I am currently taking a break from full time teaching and running a consultancy to deliver collaborative web 2.0 projects in primary schools.  I’m looking for forward thinking schools who want to:

  • Improve their communication and community cohesion through social networking
  • Embed ICT within their curriculum
  • Introduce web 2.0 tools to their daily routine
  • Develop blogs and wikis for use in the classroom
  • Run whole school projects and publish their work

Prior to training as a teacher I worked for a number of years in industry as an IT trainer for several blue chip companies.  I always had a love of e-learning and ran learning centres for a number of years.  I am currently studying for a masters degree in e-learning.

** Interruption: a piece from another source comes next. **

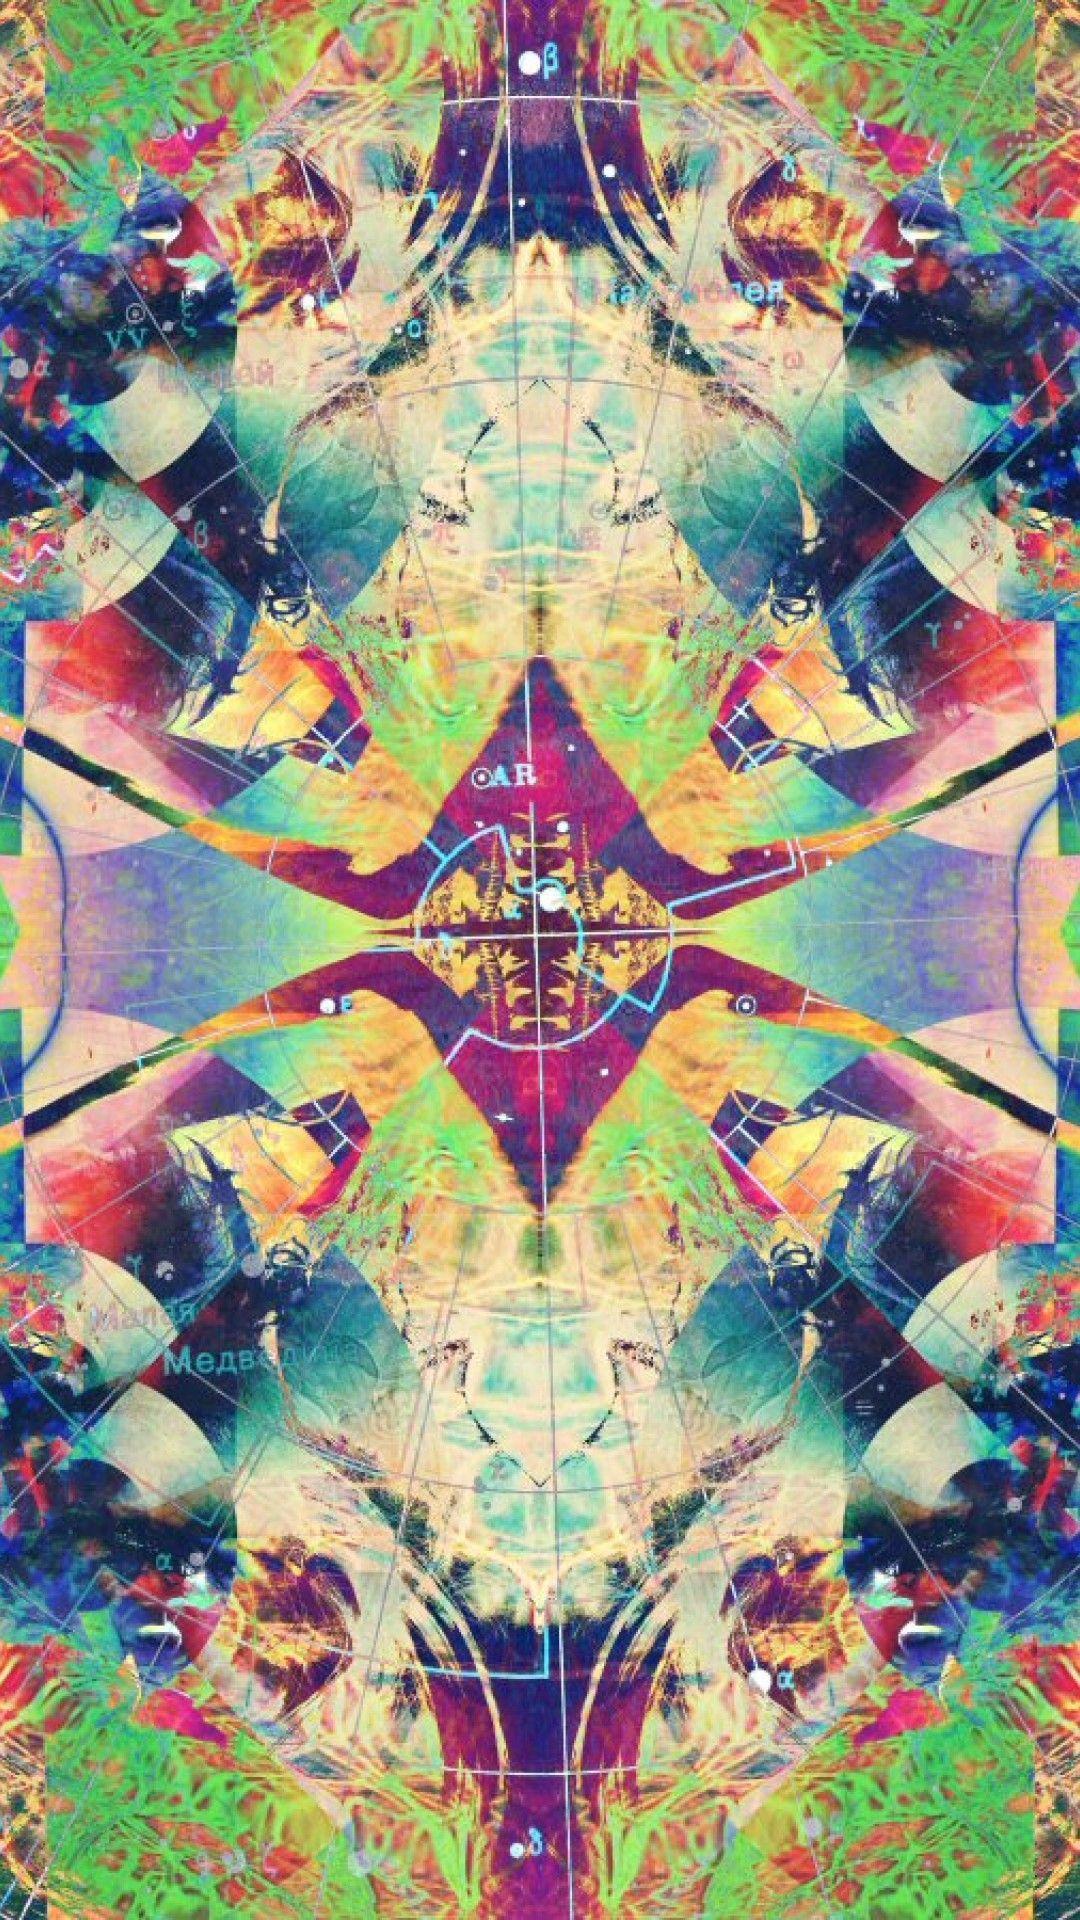 Trippy phone background

When I’m not busy running my business I relax by enjoying my own mini version of  ”The Good Life”.  I have a large garden where I try and build different areas like a woodland garden and a meadow.  I also have a vegetable garden in my front garden where I grow a variety of fruit and veg.  We are nowhere near self sufficiency but our chickens are!  I keep 12 chickens which free range in my back garden all day and they have become self-sufficient through the sales of their excess eggs.  The eggs led to a love of baking which in turn lead to the decision not to put in a new kitchen but to invest that money in an Aga.  I must be some sort of workaholic though because on the weekends I also run chicken keeping courses and even the odd baking course!